Drilling fluids are widely used for the drilling of oil and gas wells. These drilling fluids provide suppression of reservoir pressure, lubrication of the drill pipe and effect cooling of the bottom hole drill assemblies. Down-hole assemblies may contain individual components such as bits, stabilizers, measurement while drilling tools, etc. Often the down-hole assemblies contain electronic instruments that contain microprocessors that are used to collect and/or transmit data collected by various sensor arrays.
Drilling fluids generally contain a variety of elements, both desirable and undesirable, such as mud, chemicals, drill cuttings, metal shavings, etc. The particle size of these various elements varies from a few microns to several inches. Additionally, rig crews often inadvertently drop tools, gloves, rags, and other foreign or unwanted materials into the well bore. In addition, broken pump and valve parts are often dropped into the mud reclamation tanks and are carried down stream in the drill string. The unwanted and/or undesirable solids, referred to as debris, can be extremely harmful to down-hole tools containing instruments and the like. Therefore, it is desirable to filter the drilling fluid at the drill floor.
Many methods of filtering well bore fluid have been used. One such method includes placing a filter-like screen in the tubular members while the tubular members are being run into the well bore. The prior art devices presently available utilize a cylindrical or conical screen with an external retrieval neck.
It is quite beneficial to screen the drilling fluid being pumped down-hole through the annulus of the drill string at the drill floor in a manner that is supposed to eliminate any foreign debris from becoming entrained in the fluids that may plug or damage any of the down-hole tools or sensitive instruments located therein during drilling operations.

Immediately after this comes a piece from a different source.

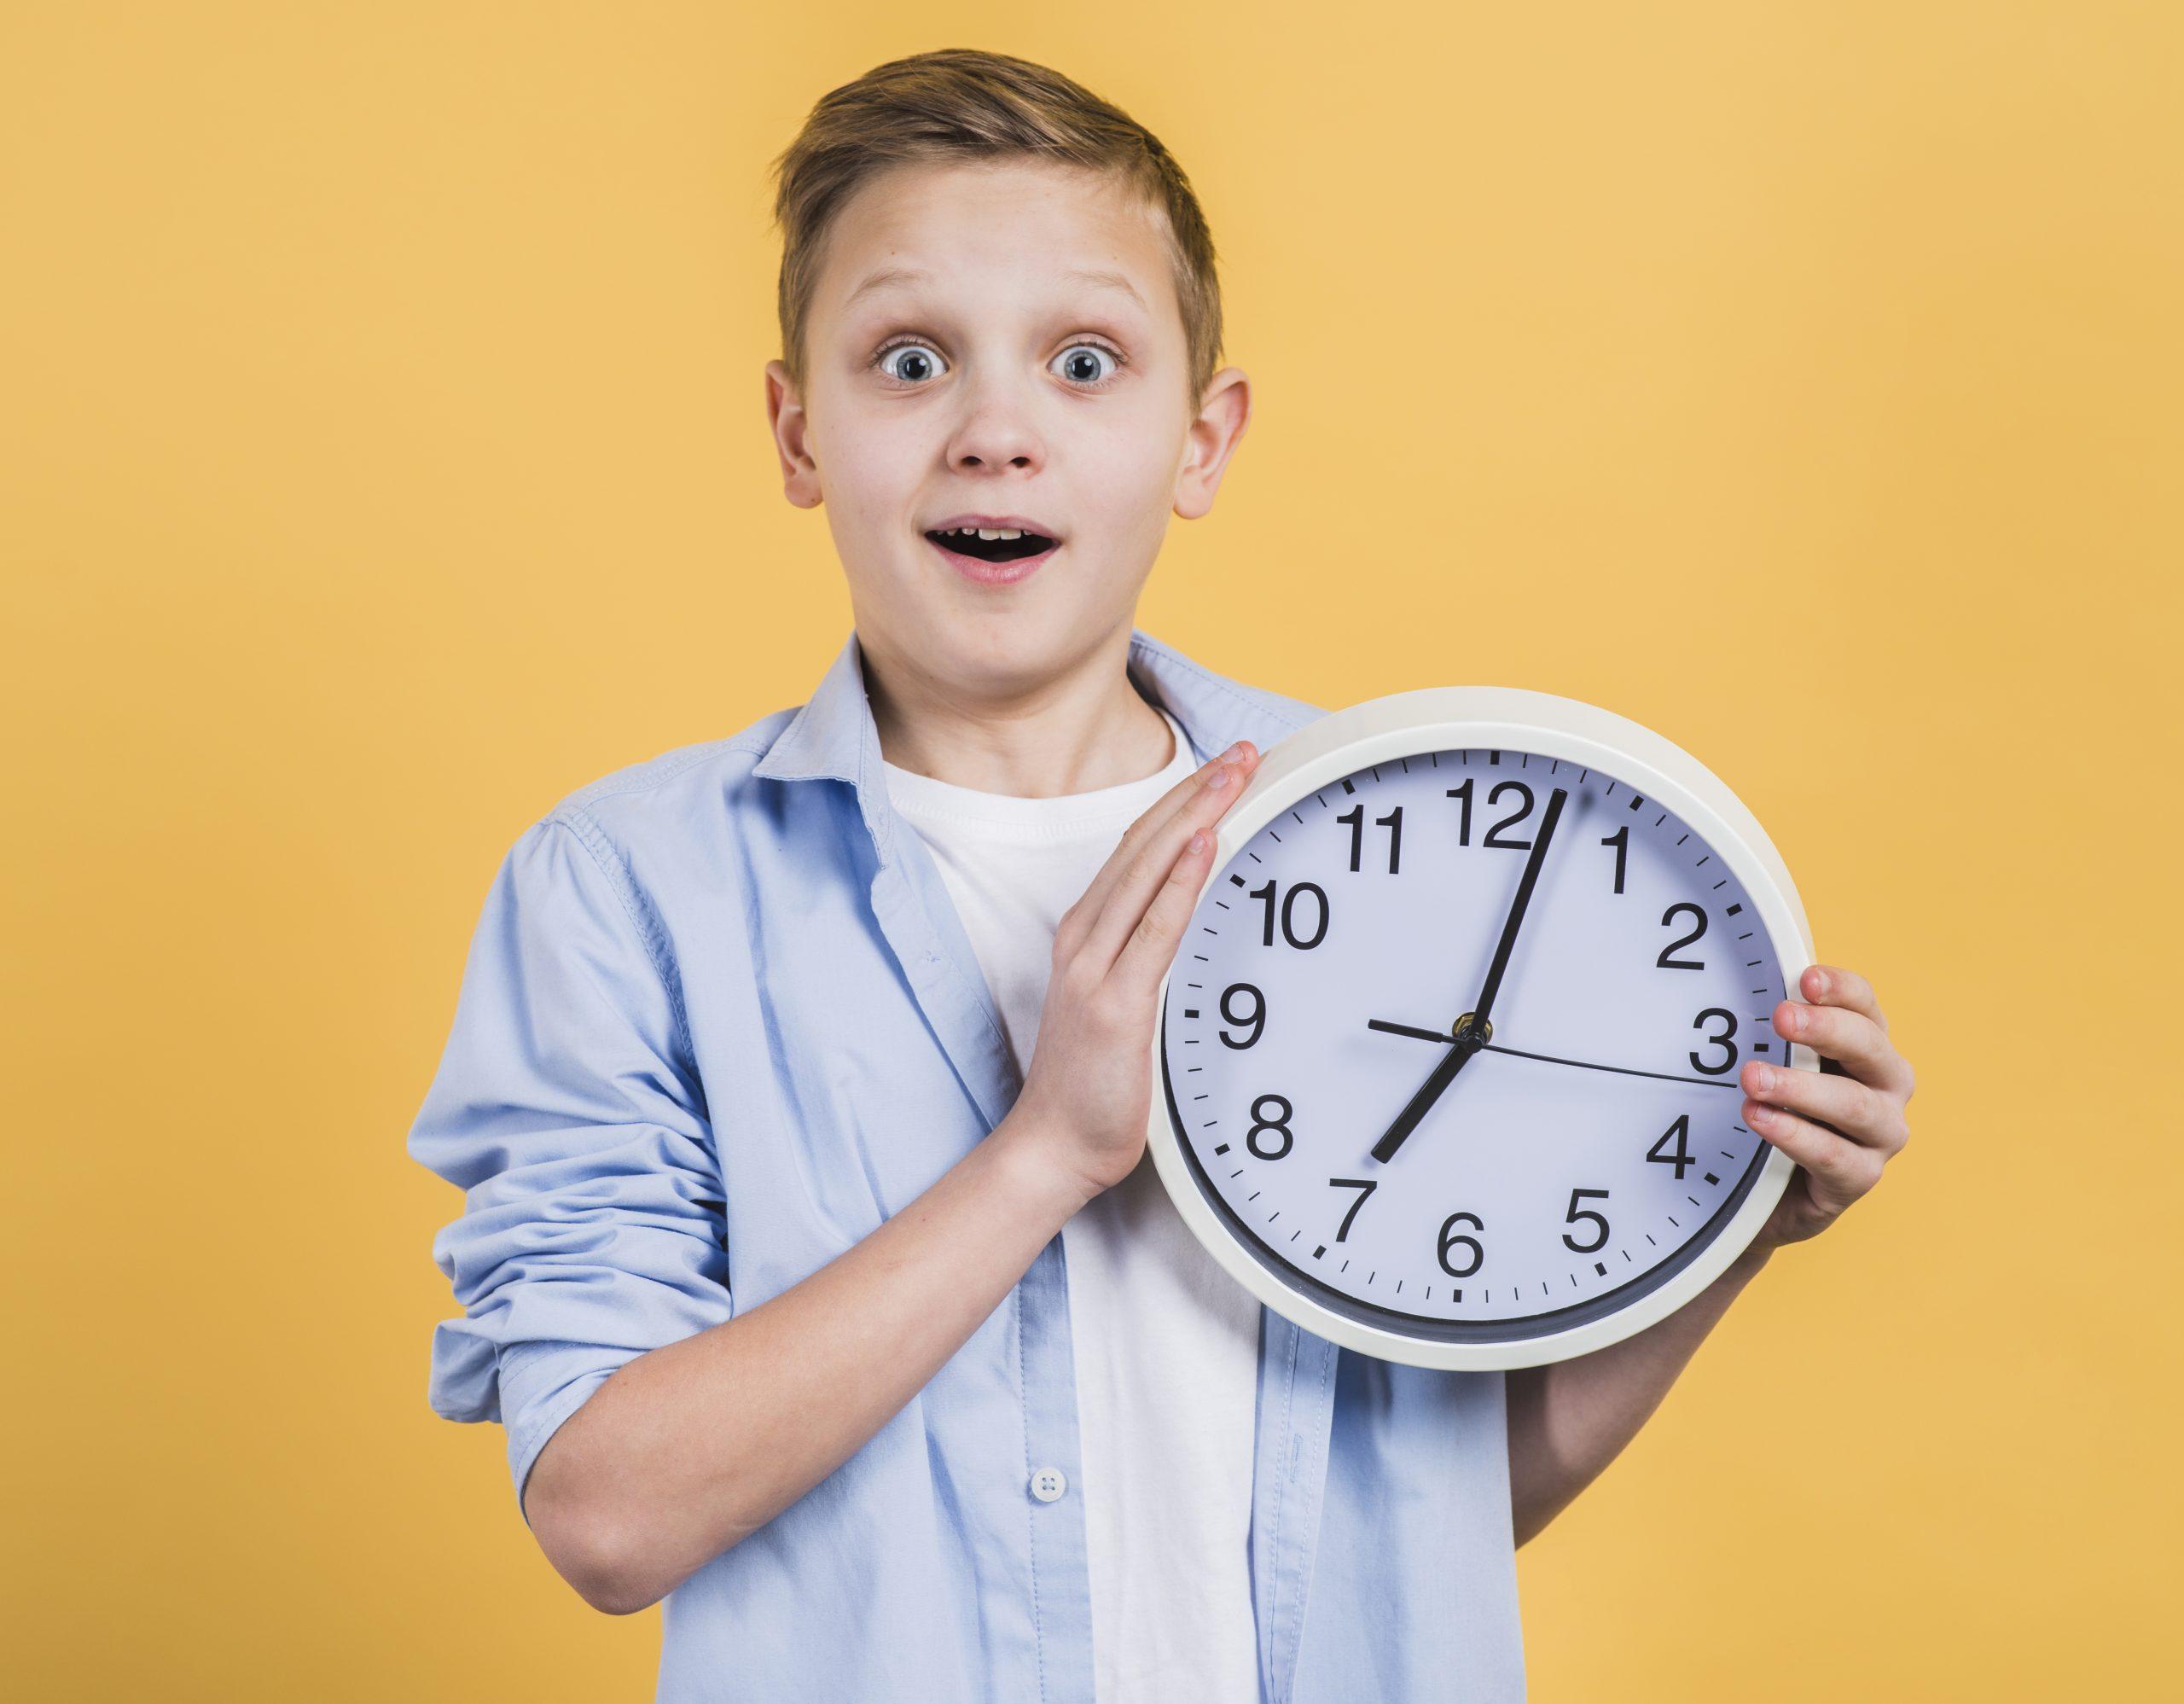 Consejos para volver a la escuela sobre la rutina matutina

However, it has been the practice to remove such filter screens at some point to allow for passage of down hole tools though the annulus. Therefore, it has been the accepted practice to install filter screens at critical locations, such as at the entrance to the mud pump, but such filter screens have often proven inadequate and provide no protection from debris that passes though the tubing from the mud reclamation tanks after the above described screen filters have been removed. Although such mud screens have been inserted into the tubular drill string, they have the disadvantage of being cumbersome to install and difficult to remove or to clean if necessary. In many cases, the removal can only be accomplished by tripping the pipe out of the hole which, of course, becomes impossible in the event that the pipe is stuck. If left in place, the down-hole screen will provide a blockage to any tools, such as survey instruments, string shots, etc., that may be run any time during the drilling operation. Of course, the screen may eventually become plugged and severely limit the flow of fluid unless it is removed and cleaned occasionally. Down-hole type screens heretofore provided, although capable of removal, run an extreme risk that the debris collected by the screen will escape from the screen during the removal process and plug the down-hole devices meant to be protected in the first place. Therefore, there is a need for a tool joint filtering device that remains in the well annulus, adjacent a down-hole tool, which efficiently filters the drilling fluid while still allowing maximum flow-through capabilities. It is far better to retrieve a tool that has become inoperative due to a plugged filter than due to extreme damage.
In addition, since the down-hole drilling fluids are quite abrasive and are pumped at high pressures of approximately 5000 PSI, any reductions in orifice size increase velocity. Therefore, filters and strainer disks having such orifices suffer significant wear and breakage. It becomes obvious that in cases where high velocity is not required orifice size should be kept to a maximum and that more attention should be paid to the type of metal, surface preparation, and cladding.
In some cases where high velocity is an advantage, such as that disclosed by Gaylord in U.S. Pat. No. 3,831,753, wherein the strainer is comprised of a pair of stacked disks having a plurality of slots with the disks rotated in a manner whereby the slots are approximately 90 degrees apart. This arrangement provides a plurality of square holes subjected to high-pressure abrasion. In addition the strainer disk is seated within a pipe joint subsection that adds cost to the strainer. The Gaylord apparatus provides an increase in velocity and excessive wear that is undesirable in other locations in the drill string. Such is the case of filtering out damaging debris from entering sensitive instrument tool joints where breakage of the strainer disk could create the problems mentioned herein.
It should be clearly understood that, in most cases, restriction of fluid flow by a filter element should be kept to a minimum while preventing large, potentially damaging debris from entering sensitive areas.